Please understand that my family and I live in a small residence attached to the synagogue where I serve. I immediately called the synagogue insurance company. "I'm sorry Rabbi Fuller but we don't cover plumbing problems outside of the building which includes things under the foundation." Panic time again.
A few days later I was walking into the synagogue when I was greeted by undulating waves of water gently flowing out of the fellowship room, through the hallway and into the foyer where the sixth great lake was rapidly forming. The culprit ended up being a blown pipe which, after much wrestling with the powerful spray and fumbling with a shut-off valve, I was able to turn off. I rushed out and borrowed a large wet-vac from a friend and, while my wife was trying to suck Lake Michigan into a plastic barrel, I was once again on the phone with our insurance company. Turns out they WILL cover this one.
When things like this go wrong, there is a temptation for us to turn to God and ask "why". God is all-powerful, right? He could make the pipes in our aging building work just fine if He so desires. Yet, instead of Divine intervention we immediately assume Divine neglect. I don't believe that such an assumption is fair. We so frequently cry out to God for justice when it is often us who are guilty of being unfair to God. When the sun is shining on our lives we casually thank God and go our way. When a little rain falls (or stinky water flows) we rapidly point our finger at Him and wonder why He hasn't been doing what we perceive to be His job.

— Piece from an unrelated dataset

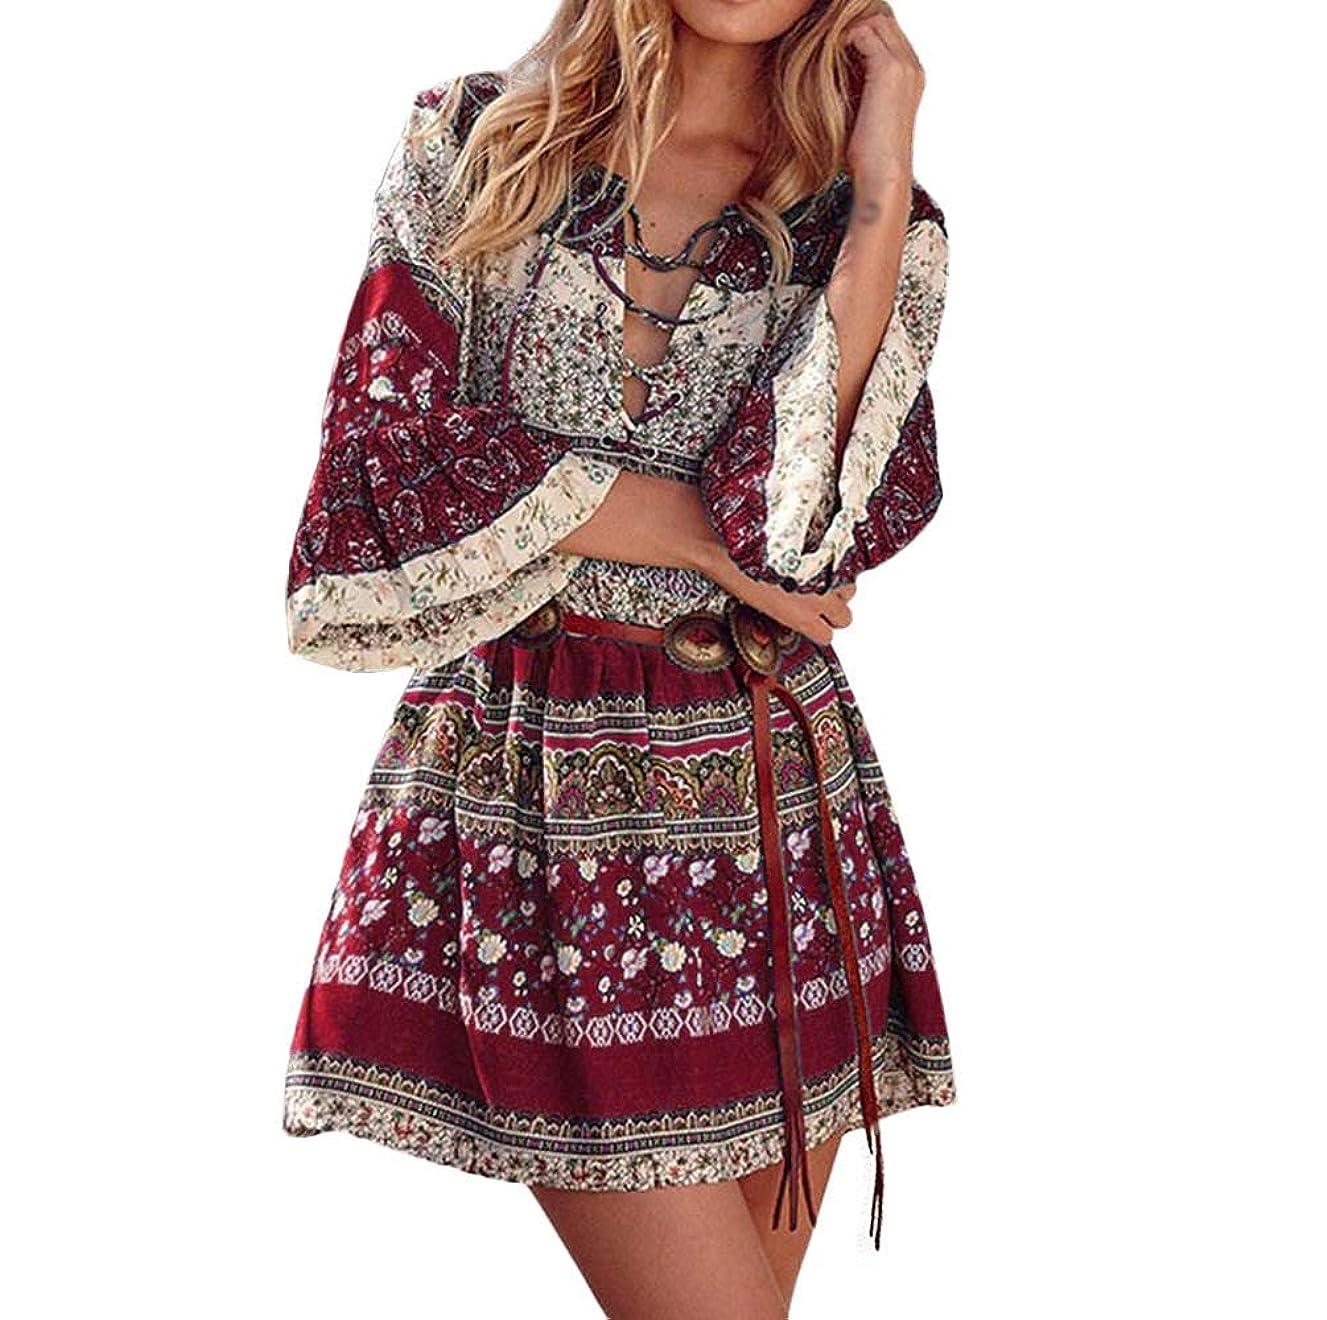 Women's Floral Print Dress Boho Long Sleevees Dress Casual Evening Party Dress

God is God. He is not as interested in our comfort as He is in our completion. He is truly in charge of all things and if we are experiencing challenges of any kind it would behoove us to remember that there is a reason for the suffering not the least of which is to provide us an opportunity to grow in Him. True, such knowledge may be of little comfort, but it is truth nonetheless. It's also good to know that the rain never falls forever. Eventually, the sun will come out and the clean-up begins. Thank You, God.
Now, I hope you'll excuse me. I have some cleaning to do.